Cameron Purdy edited this page Apr 7, 2020 · 1 revision

The *, /, and % binary operators are well-known, representing multiplication, division, and modulo. Ecstasy adds a new operator that performs division and remainder (not the modulo) in a single step, the "divrem" operator /%. The corresponding expressions use the common forms:

a * b
a / b
a % b
a /% b

The operators and their corresponding default method names are as follows:

Op Default method name Description
* mul multiplication
/ div division
% mod modulo
/% divrem division, remainder

Despite appearing to be primitive-type operators, Ecstasy has no primitive type system, and the input and output types of these operators are defined entirely by the types against which the operators execute. Specifically, the type of the expression a must have an unambiguously single best operator method (selected by the operator symbol and method name) that takes an argument of the type of expression b. The implicit type of the expression is the return type of the operator method.

The execution of the expression is an invocation of the selected operator method, against a target reference yielded by the expression a, passing one argument as yielded by the expression b; the result of the expression is the return value from the operator method.

The mathematical behavior defined for the % operator is modulo, not remainder. Specifically, the modulo is defined as a value in the range [0..divisor) for positive divisors, and (divisor..0] for negative divisors.

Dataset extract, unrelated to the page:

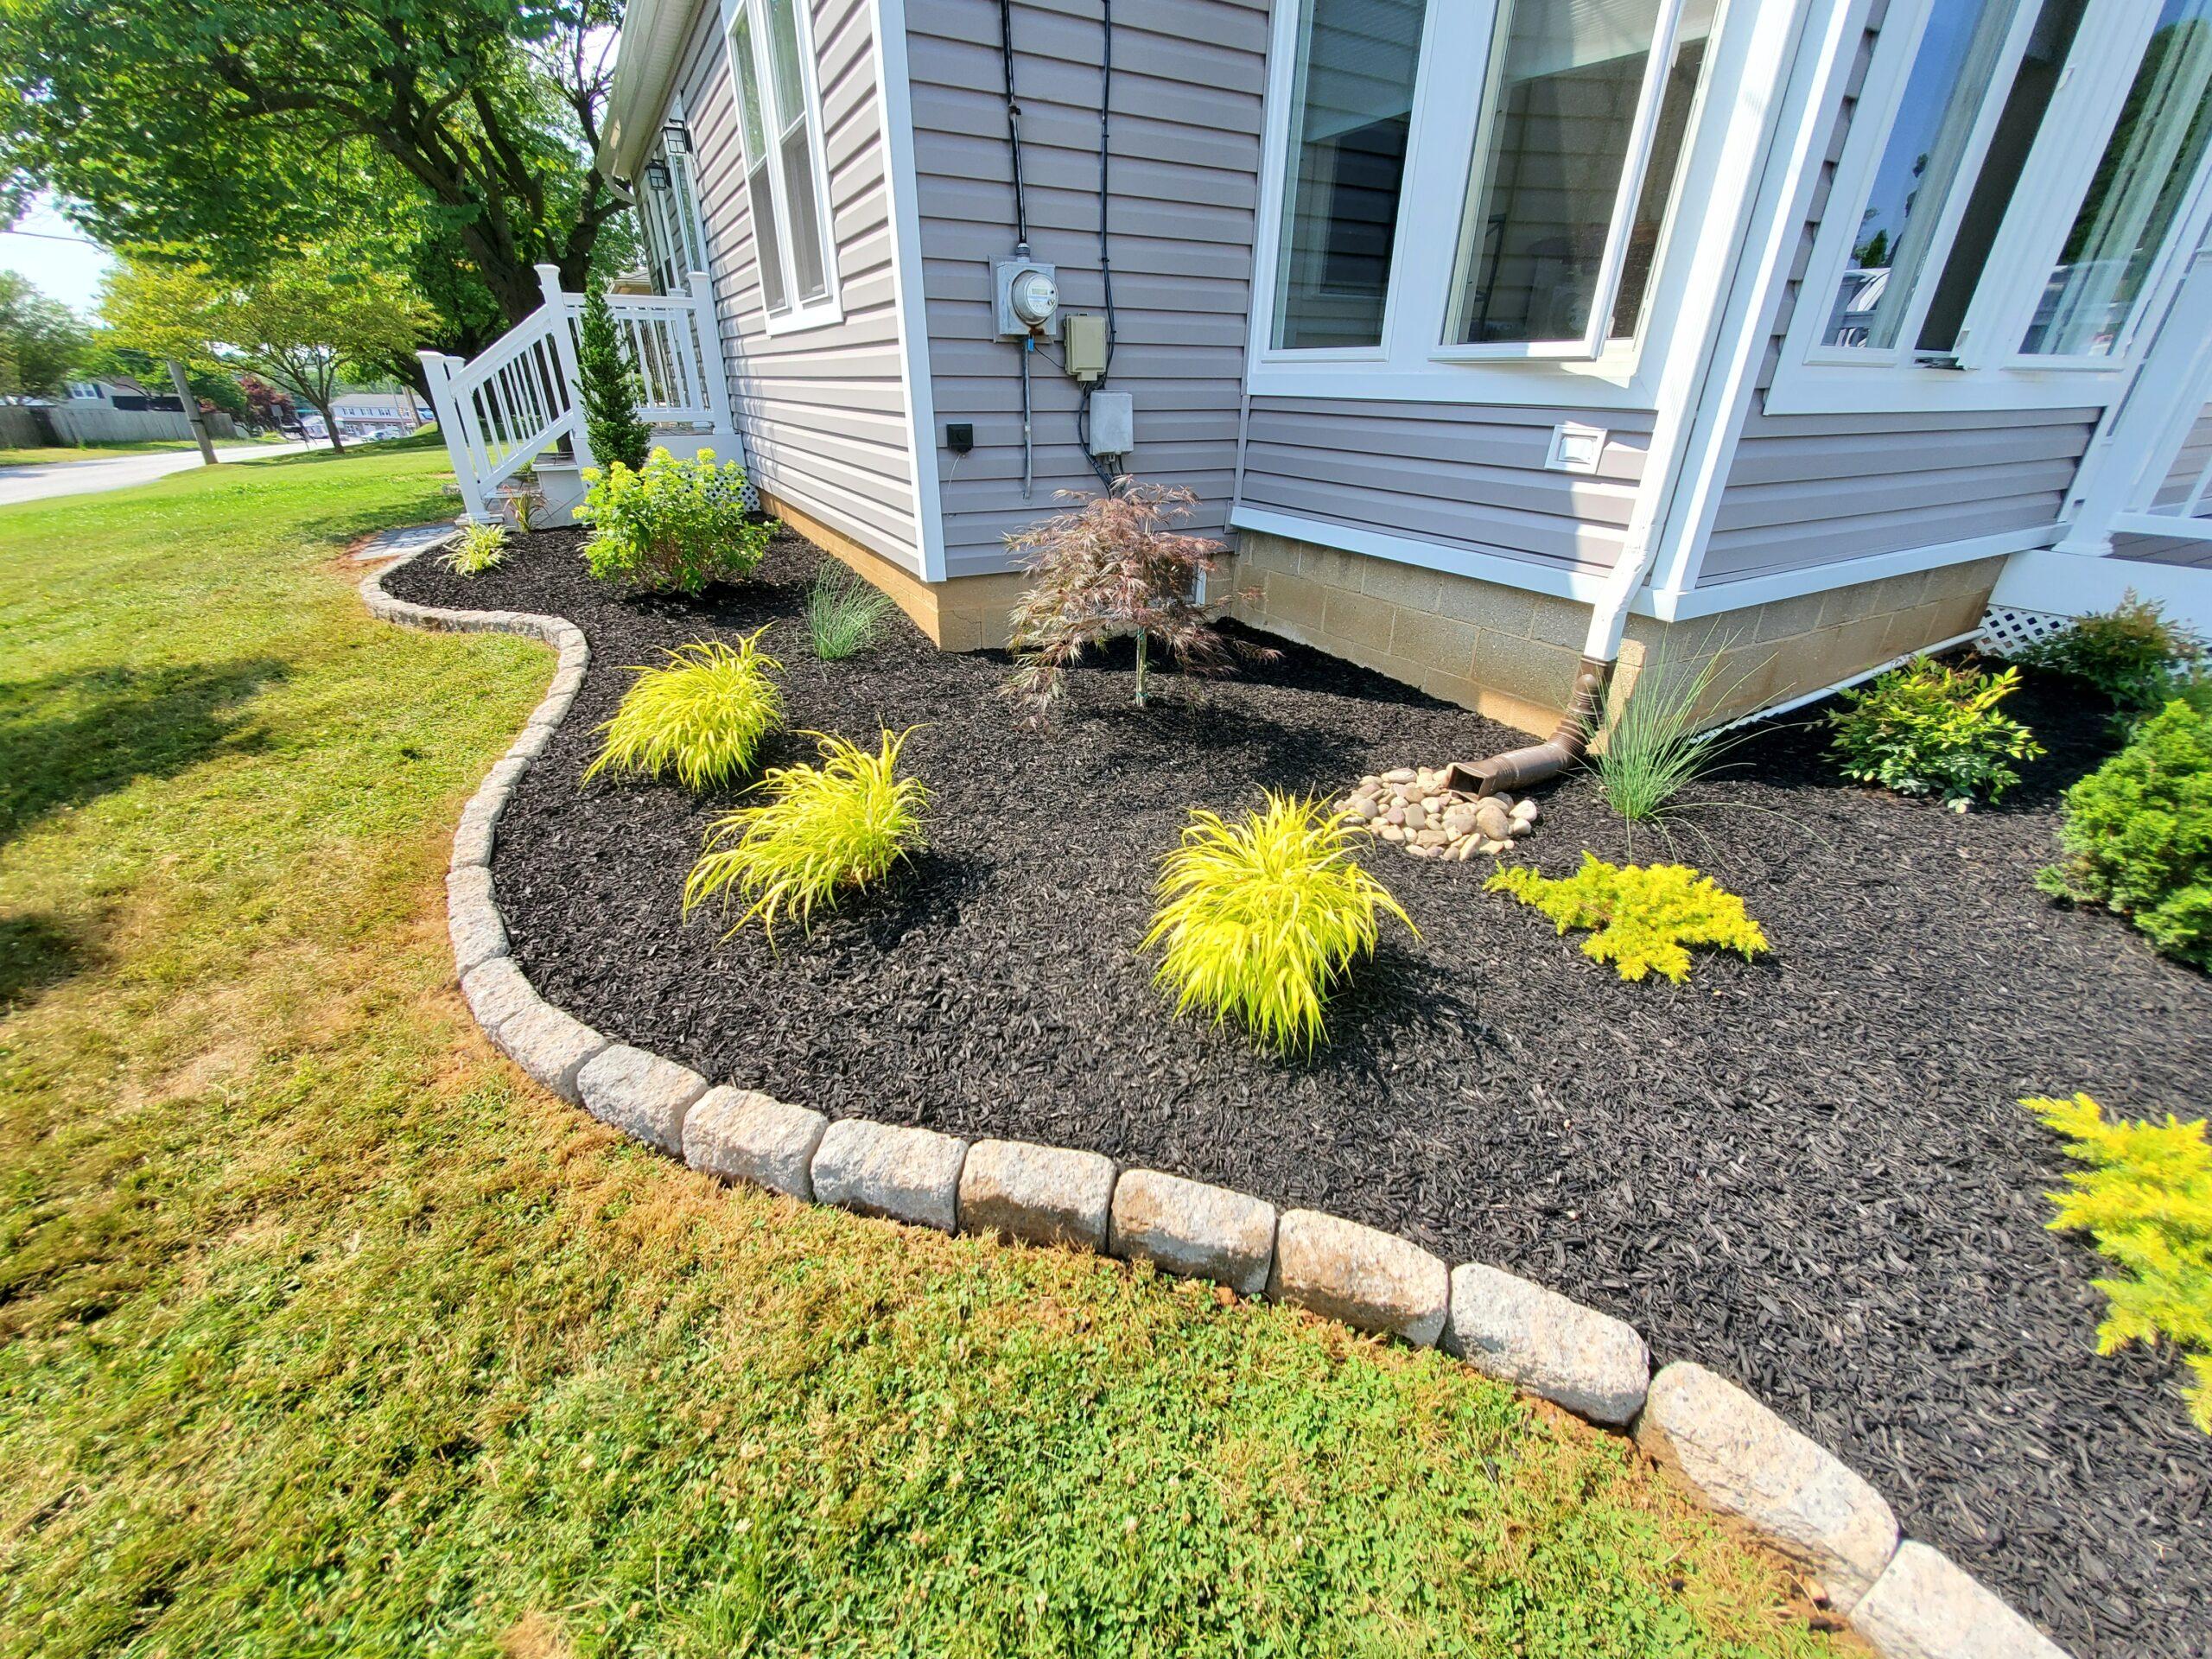 Landscapers - Hanover, PA - Hanover Landscaping Design Contractors - DREAMscape's
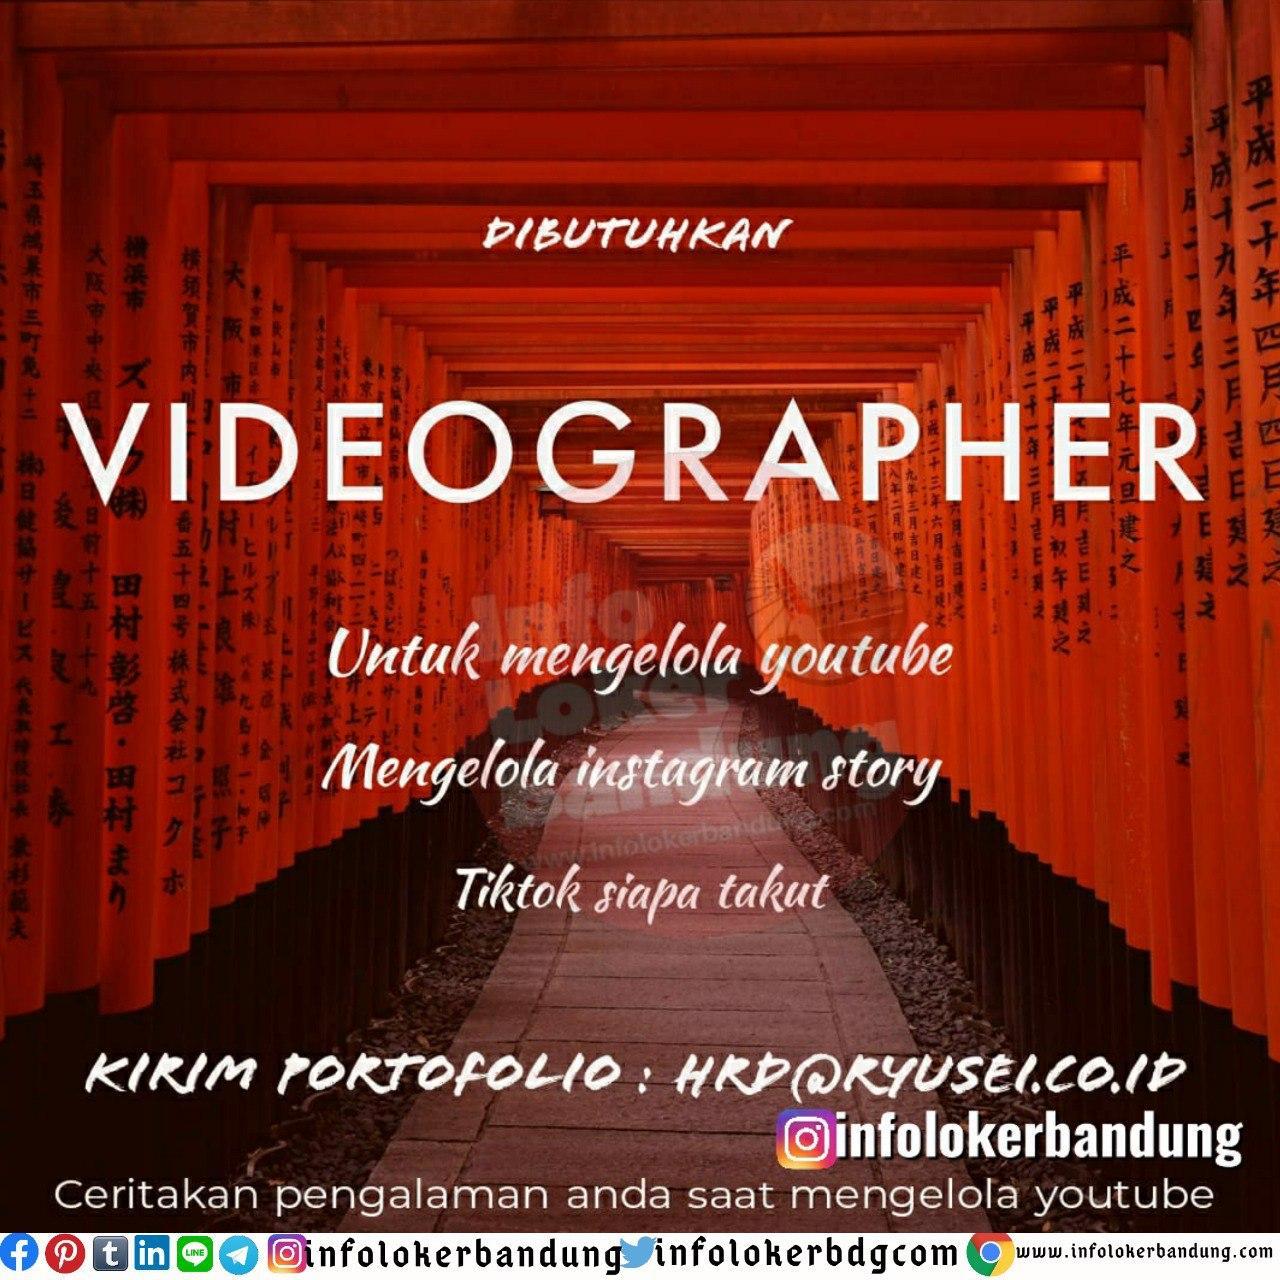 Lowongan Kerja Videographer Ryusei Bandung Juni 2020

The mathematical behavior defined for the /% operator is division and remainder, not modulo. This matches the behavior of % in C and Java, for example[1].

The expression short-circuits if either expression a or b short-circuits.

The expression uses the default left-to-right definite assignment rules:

  • The VAS before a is the VAS before the expression.
  • The VAS before b is the VAS after a.
  • The VAS after the expression is the VAS after b.

These expressions group to the left, so for example, a * b * c is treated as (a * b) * c:

    MultiplicativeExpression:
        ElvisExpression
        MultiplicativeExpression * ElvisExpression
        MultiplicativeExpression / ElvisExpression
        MultiplicativeExpression % ElvisExpression
        MultiplicativeExpression /% ElvisExpression

[1]

C and Java refer to the % operator as the modulo operator, but actually produce the remainder.